Information provided:
▼
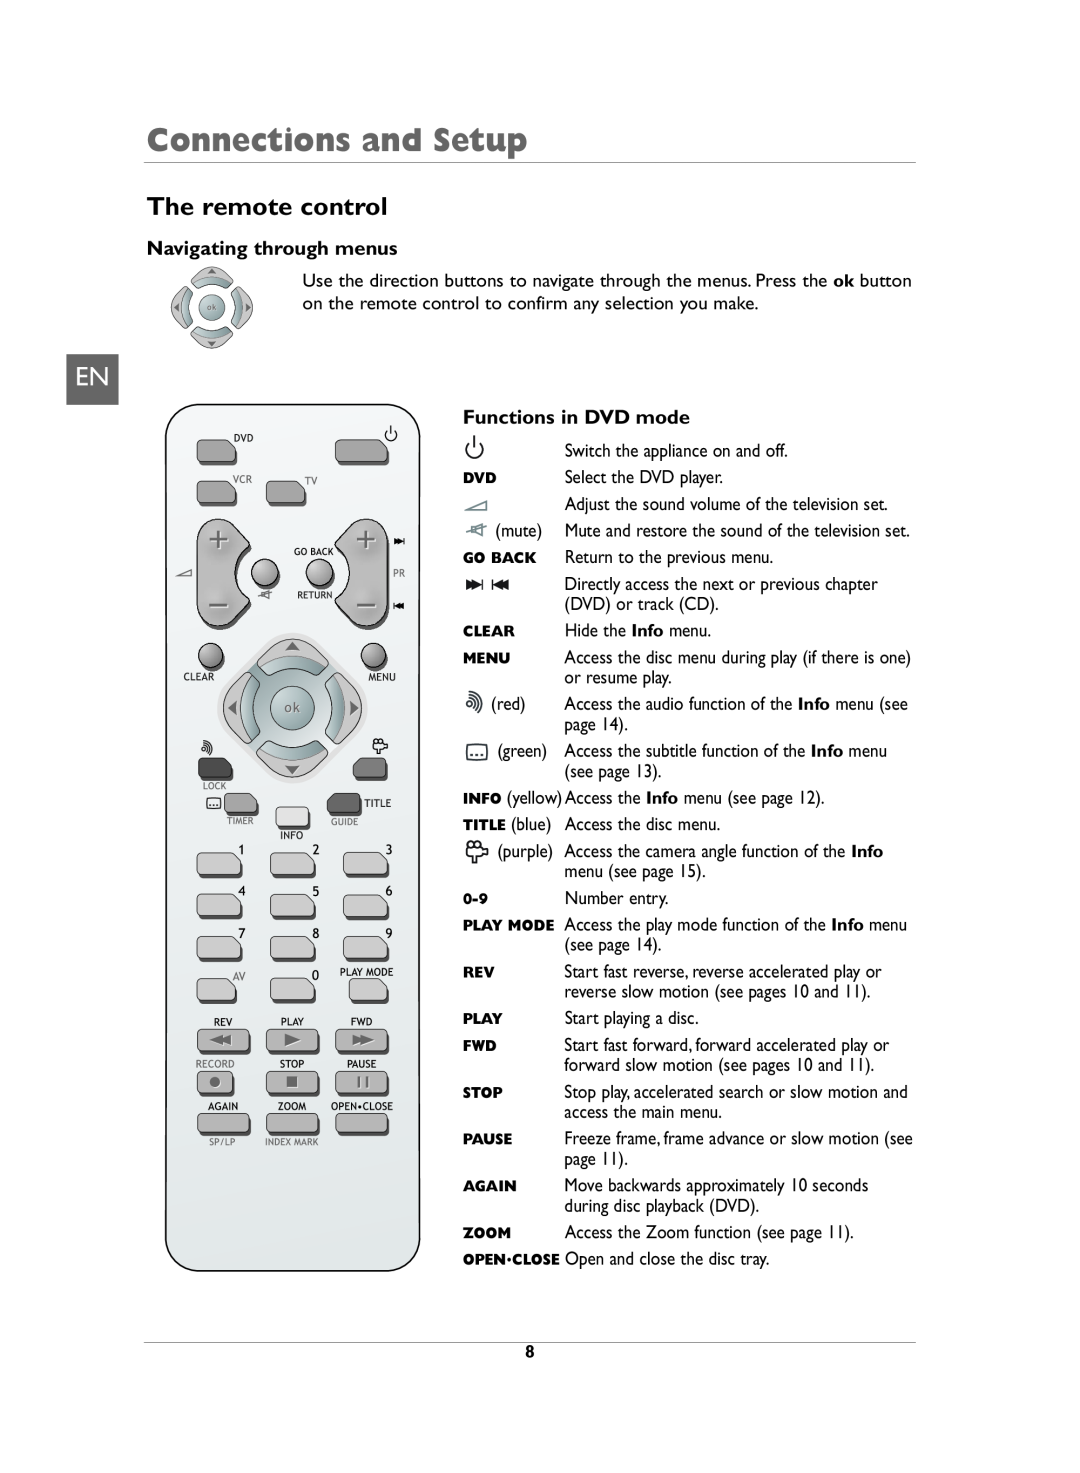 Technicolor - Thomson DVD110 The remote control, Navigating through menus, Functions in DVD mode, Connections and Setup 
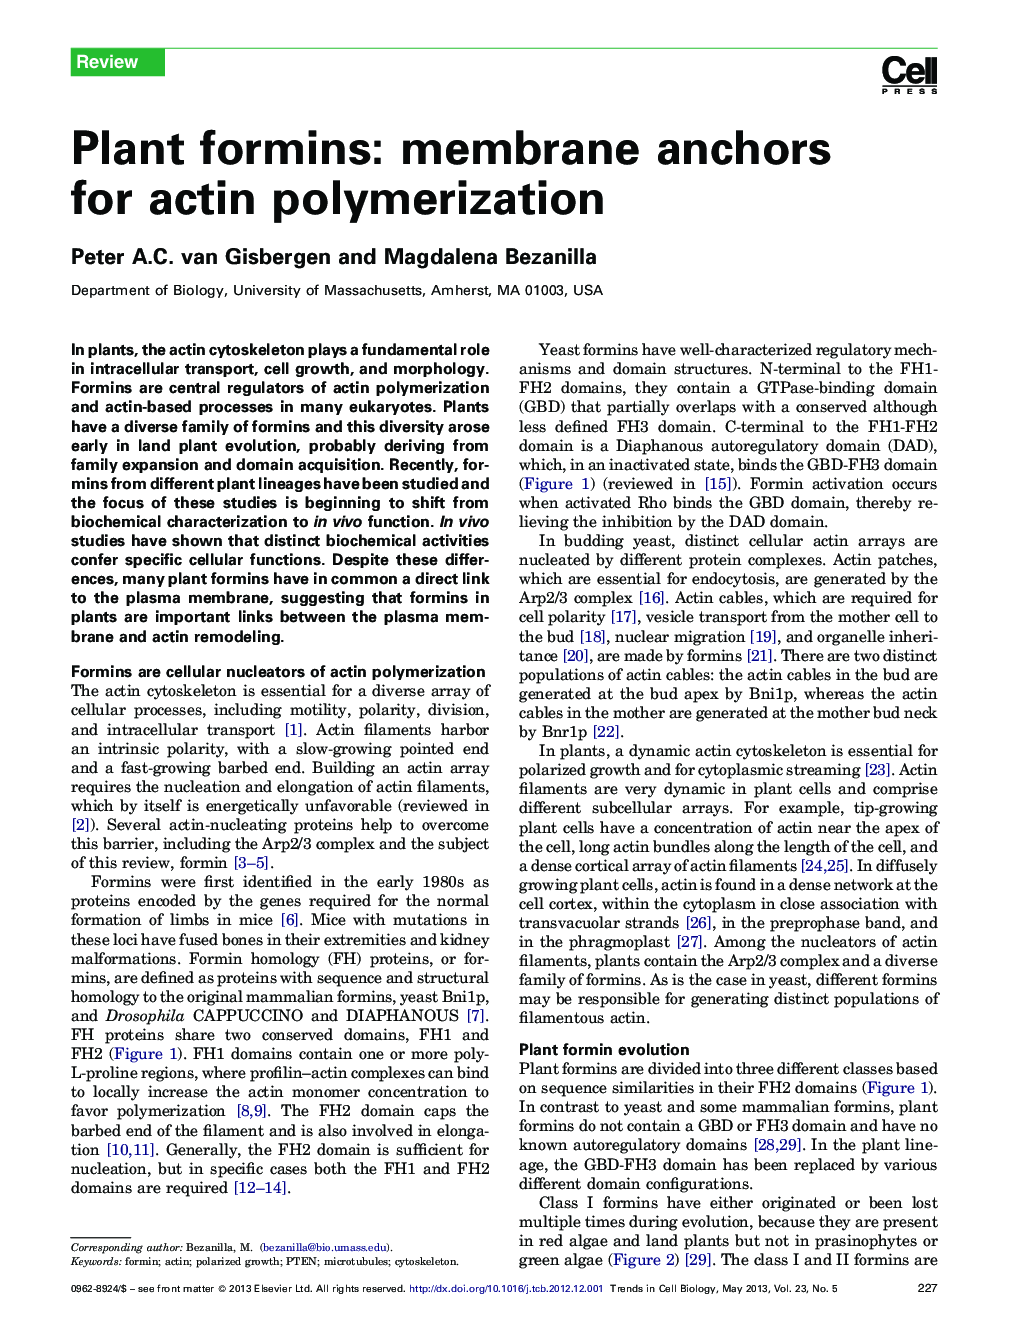 Plant formins: membrane anchors for actin polymerization
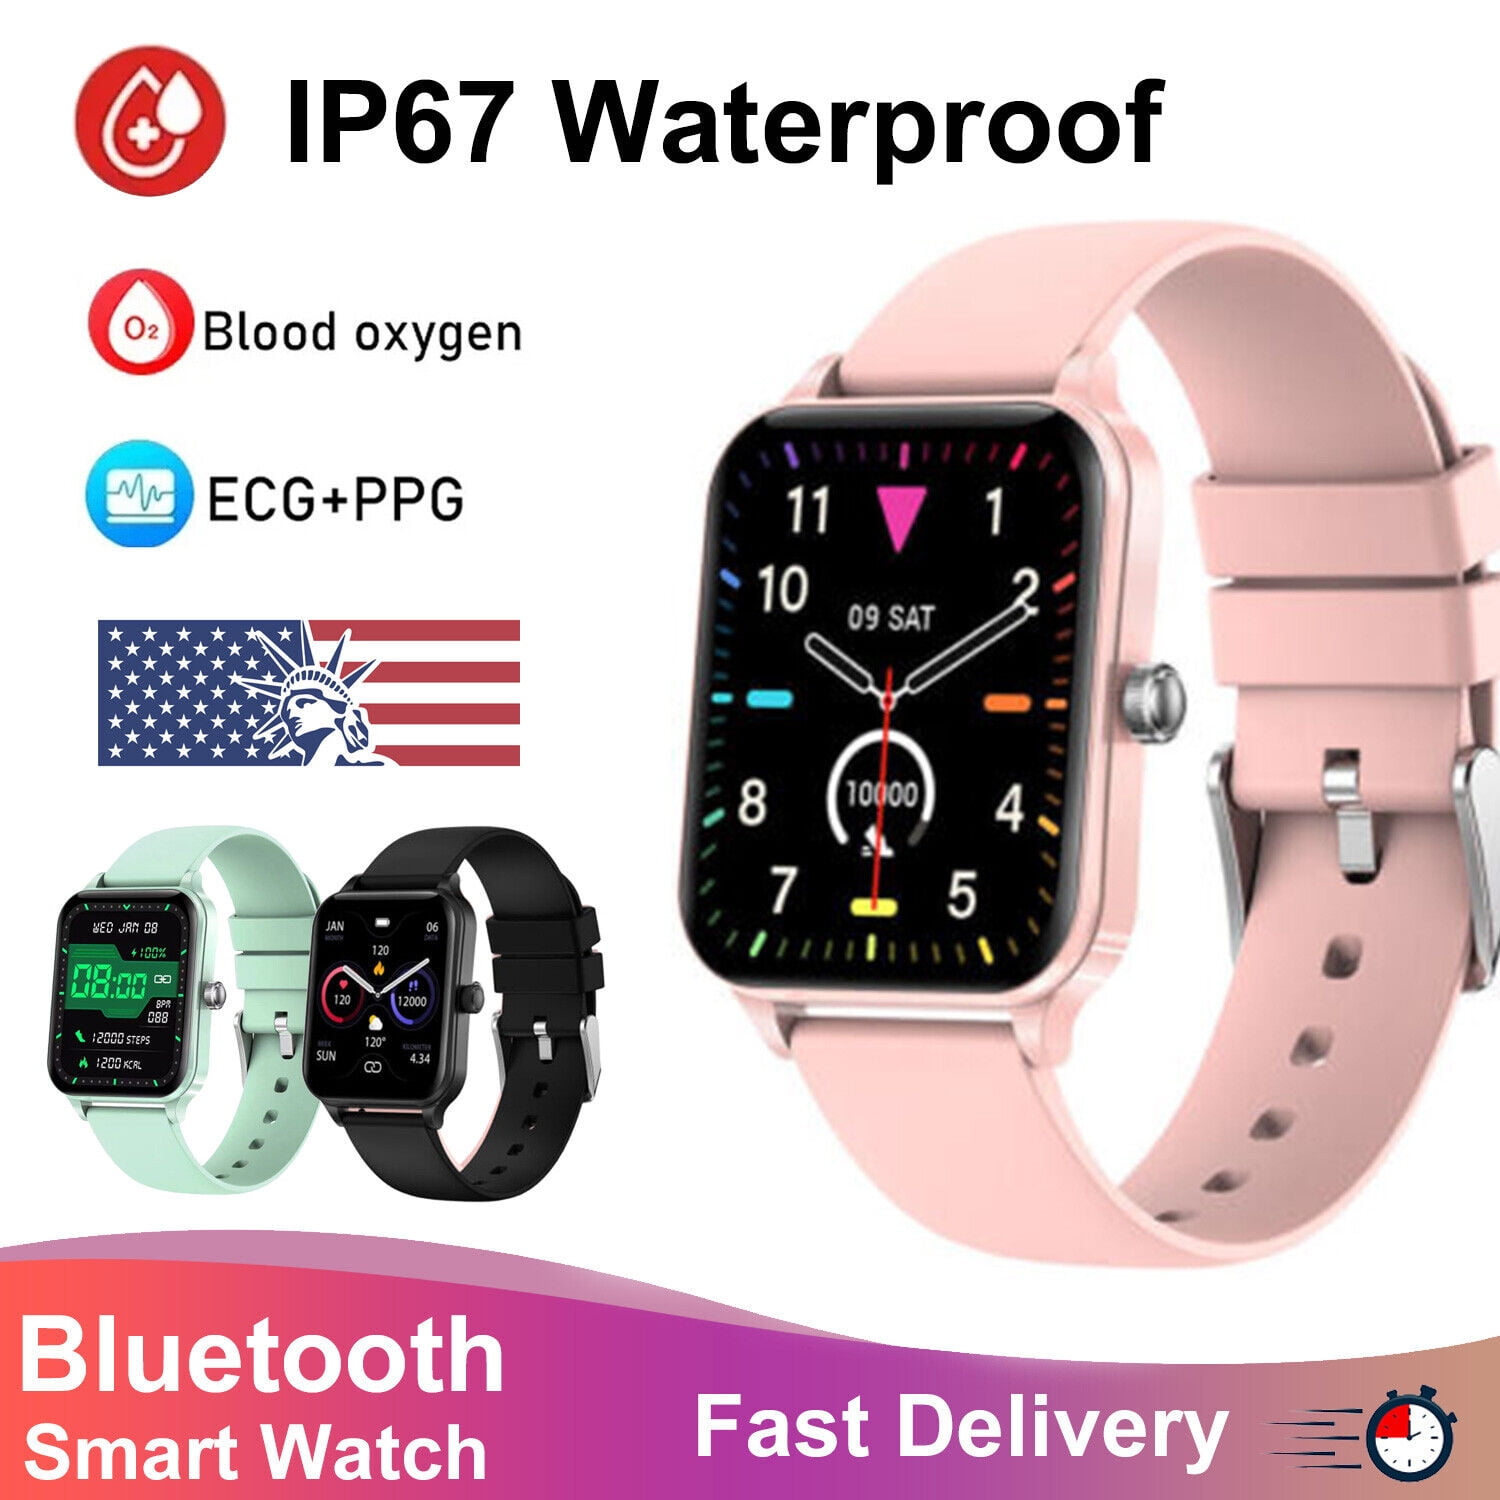 POLAR Vantage V2 - Premium Multisport Smartwatch with GPS, Wrist-Based HR  Measurement for All Sports - Music Control, Weather, Phone Notifications  comes with Polar H10 Heart Rate Sensor
▲
Work required: In the copy you write, the data above must appear exactly, with no pictures.

Exercise result:
 Technicolor - Thomson DVD110 The remote control, Navigating through menus, Functions in DVD mode, Connections and Setup 
 Plant formins: membrane anchors for actin polymerization
 POLAR Vantage V2 - Premium Multisport Smartwatch with GPS, Wrist-Based HR  Measurement for All Sports - Music Control, Weather, Phone Notifications  comes with Polar H10 Heart Rate Sensor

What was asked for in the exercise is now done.